The previous standard NATO rifle cartridge was the 7.62x51mm NATO, derived from the .308 Winchester rifle cartridge and designed to replace the U.S. military's .30-06 Springfield rifle cartridge. At the time of selection, there had been criticism that the 7.62 mm was too powerful for modern service rifles, causing excessive recoil, and that the weight of the ammunition did not allow for enough rate of fire in modern combat. A soldier can carry more than twice as much 5.56 mm ammunition as 7.62 mm for the same weight.

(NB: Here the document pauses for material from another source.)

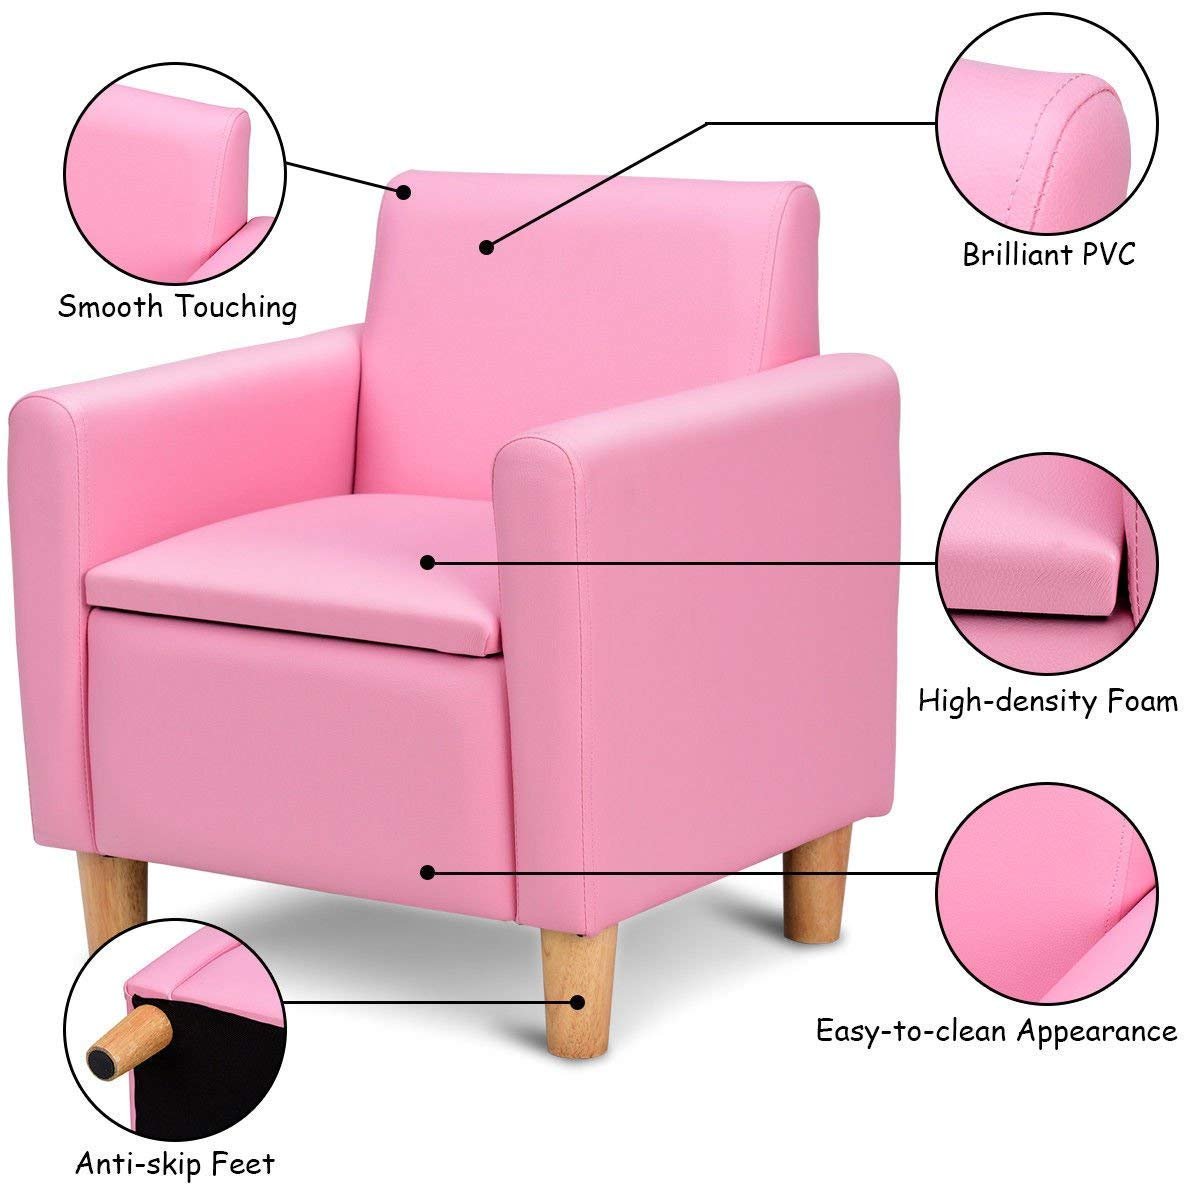 HONEY JOY Kids Sofa, Upholstered Armrest, Sturdy Wood Construction, Toddler Couch with Storage Box (Single Seat, Pink) by HONEY JOY (Image #5)

During the late 1950s, ArmaLite and other U.S. firearm designers started their individual Small Caliber/High Velocity (SCHV) assault rifle experiments using the commercial .222 Remington cartridge. When it became clear that there was not enough powder capacity to meet U.S. Continental Army Command's (CONARC) velocity and penetration requirements, ArmaLite contacted Remington to create a similar cartridge with a longer case body and shorter neck. This became the .222 Remington Special. At the same time, Springfield Armory's Earle Harvey had Remington create an even longer cartridge case then known as the .224 Springfield. Springfield was forced to drop out of the CONARC competition, and thus the .224 Springfield was later released as a commercial sporting cartridge known as the .222 Remington Magnum. To prevent confusion with all of the competing .222 cartridge designations, the .222 Remington Special was renamed the .223 Remington. After playing with their own proprietary cartridge case design, the .224E1 Winchester, Winchester eventually standardized their case dimensions, but not overall loaded length, with the .222 Remington Special to create a cartridge known as the .224E2 Winchester. With the U.S. military adoption of the ArmaLite AR-15 as the M16 rifle in 1963, the .223 Remington was standardized as the 5.56x45mm. However, the .223 Remington was not introduced as a commercial sporting cartridge until 1964.